The F-16 does not go Mach 2 (cruise) !


Message posted by Fuel Fraction on May 02, 2002 at 17:46:37 PST:

Dear Magoo,

Yes, an YF-12, or any Mach 3 cruise interceptor WOULD have been able to shot down 'at least' one of the two B-767 last September.

The YF-12 was able to CRUISE at Mach 3.2 !! The Hughes GAR-9 missiles it carried were designed to fly at MACH 4... (!). Put these capabilites combined together, and this gives you a MACH 7 total speed....!!

No civilian aircraft could run away from that.

(this missile system later became the Phoenix,for the F-14 fighter)(The GAR-9 did not use a nuclear warhead, you must confuse it with the Genie and the missiles of the F-106, F-102 and Voodoo, which were much less precise. The GAR-9 was very precise, and took down or touched the target such as the B-47 and Ryan drones it was sent after).


The F-16 and F-15 are NOT designed to cruise at
Mach 2 (!). They can reach that speed only for a very short duration...!

A dash at Mach 2 for a duration of more than 5 to 10 minutes would MELT the compressor's blades...! The engine would spit it's blades, and they'd pile up in the postcombustion chamber and all over the landscape.
Furthermore, the metals in the postcombustion chamber would reach temperature design limits in no time, would start to deform... and melt....
The aircraft would explode or catch on fire.

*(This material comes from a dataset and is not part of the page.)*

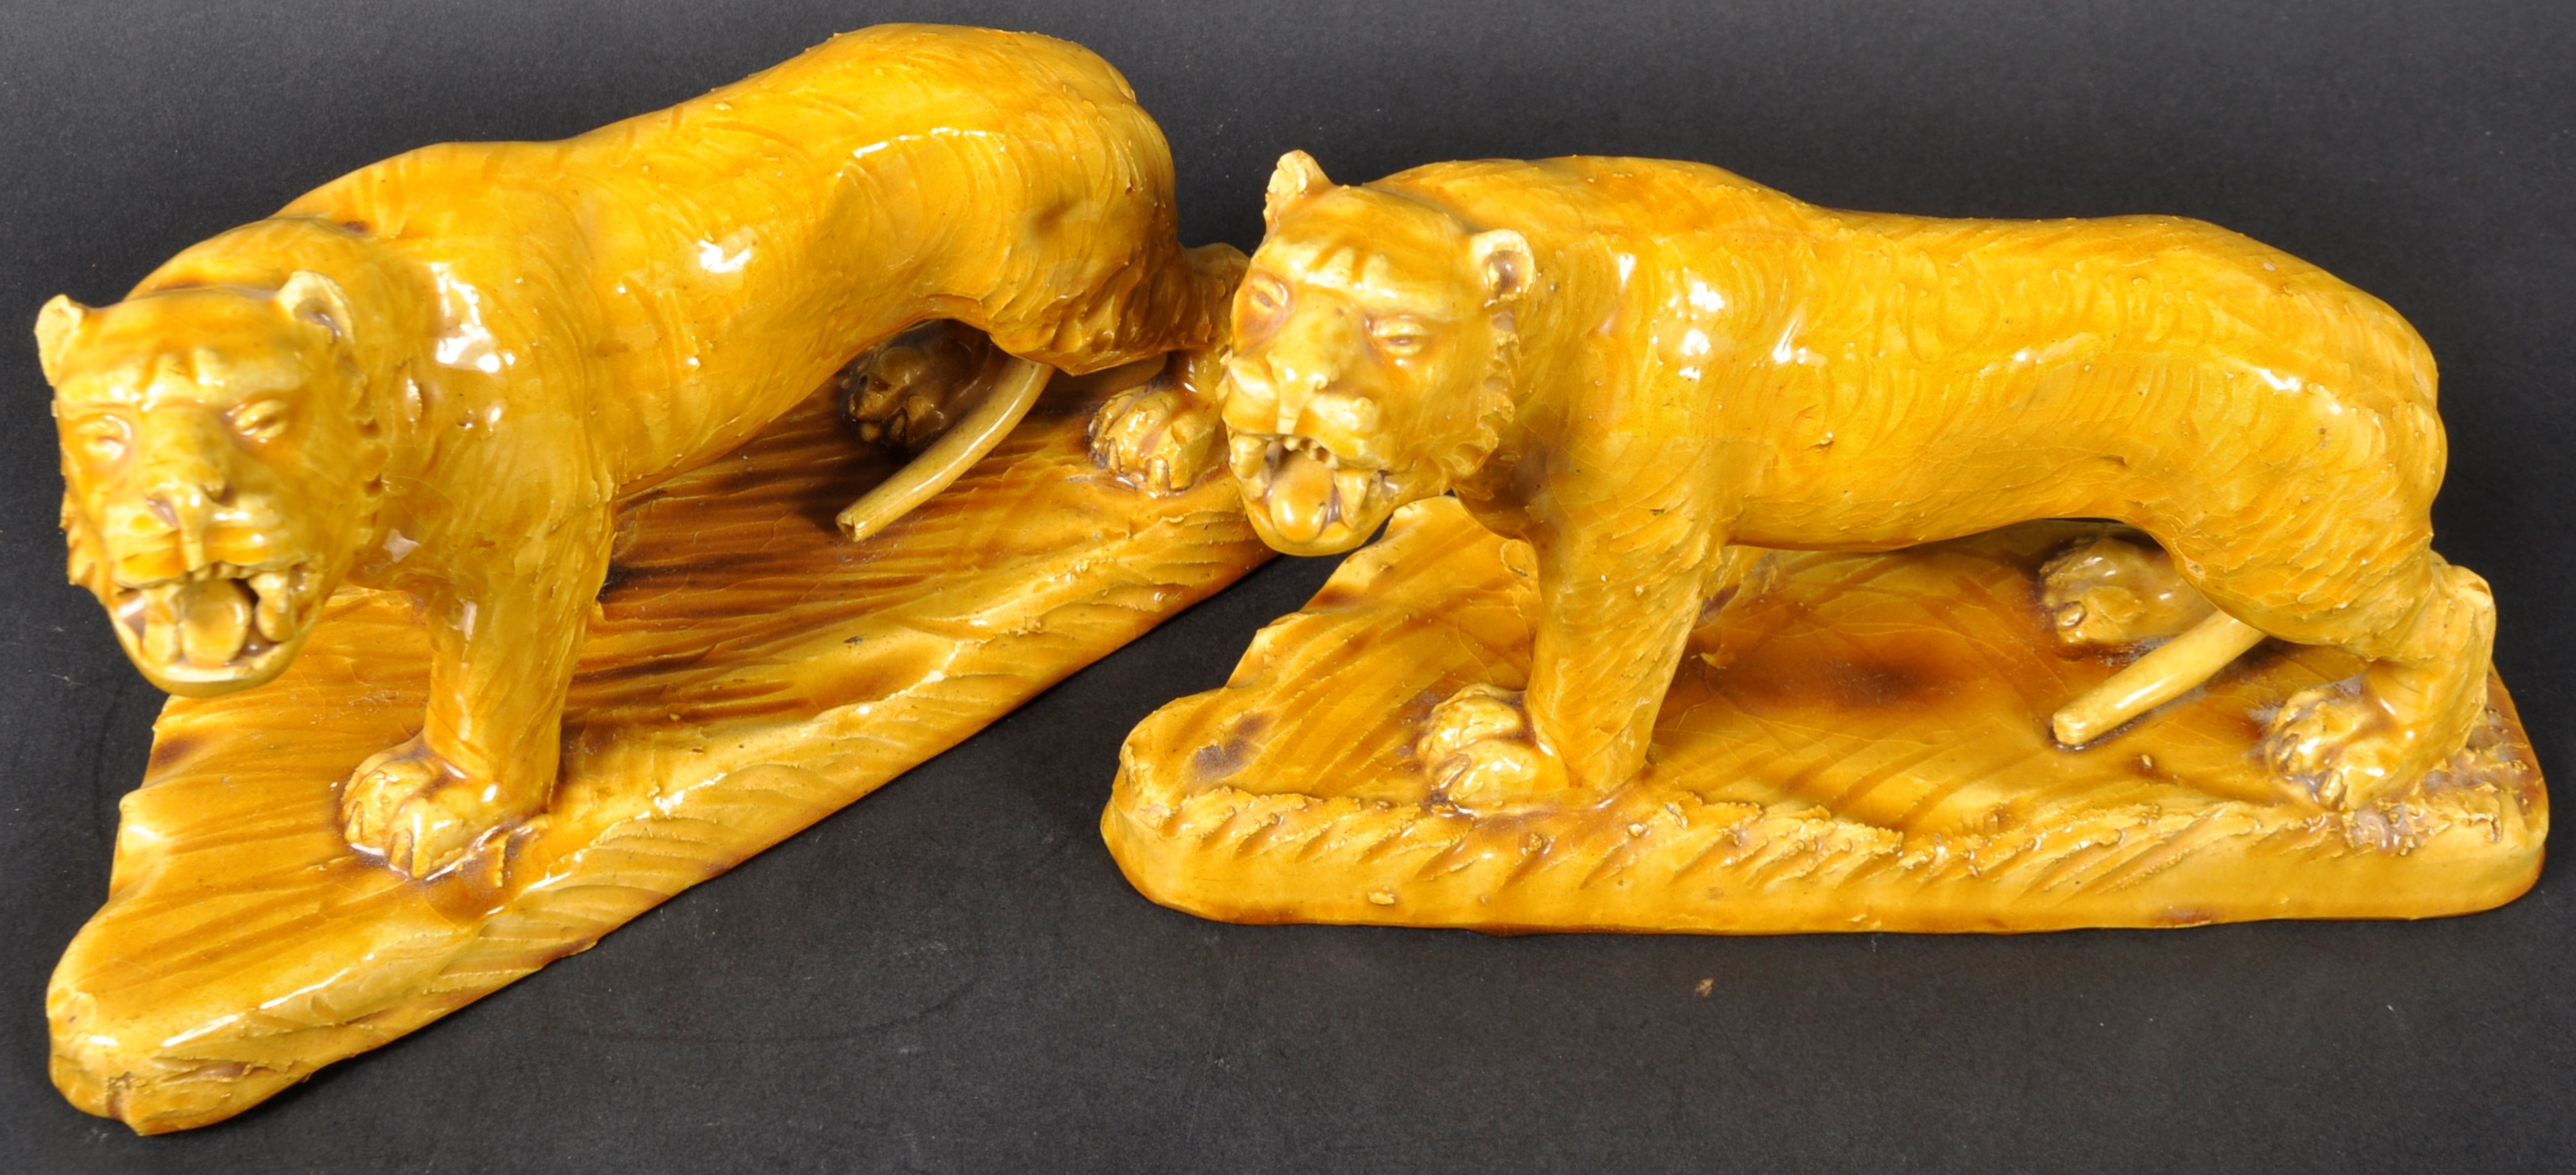 PAIR OF 19TH CENTURY VICTORIAN GLAZED CERAMIC PROWLING TIGERS - Image 2 of 9

Also, when a figther uses military power, the rate of fuel comsumption is so enormous, as to exhaust the whole supply of JP in mere few minutes...

The F-16 that followed and tried to intercept the second Boeing (very much in vain) arrived a full
1 HOUR late behind its target...!
This is documented in multiple newspaper article and eyewitnesses. The F-16 arrived roaring over New York one full hour later, the eyewitnesses thought this was a third attack coming.... until they saw the airplane, a military fighter, sadly,too late.

The F-16 cruises, at most, between 900 km per hour and Mach 1.
The Boeing it was trying to intercept cruises at over 900 km per hour.
It was impossible for the interceptor to have closed that gap.
Even the F-22 would have been much too slow, at Mach 1.4 or so.

Now, if they would have had YF-12s, they 'could' have stopped it. But... like i said earlier, there are several logistical considerations that might have made that impossible.
Best scenario, would have seen several YF-12s on permanent CAP missions at ALL times over North America.
Only that way could they have been ready to intercept an aircraft such as the B-767 within US soil, when the situation occured. But this would have taken a lot of aircrafts, a lot of money and resources..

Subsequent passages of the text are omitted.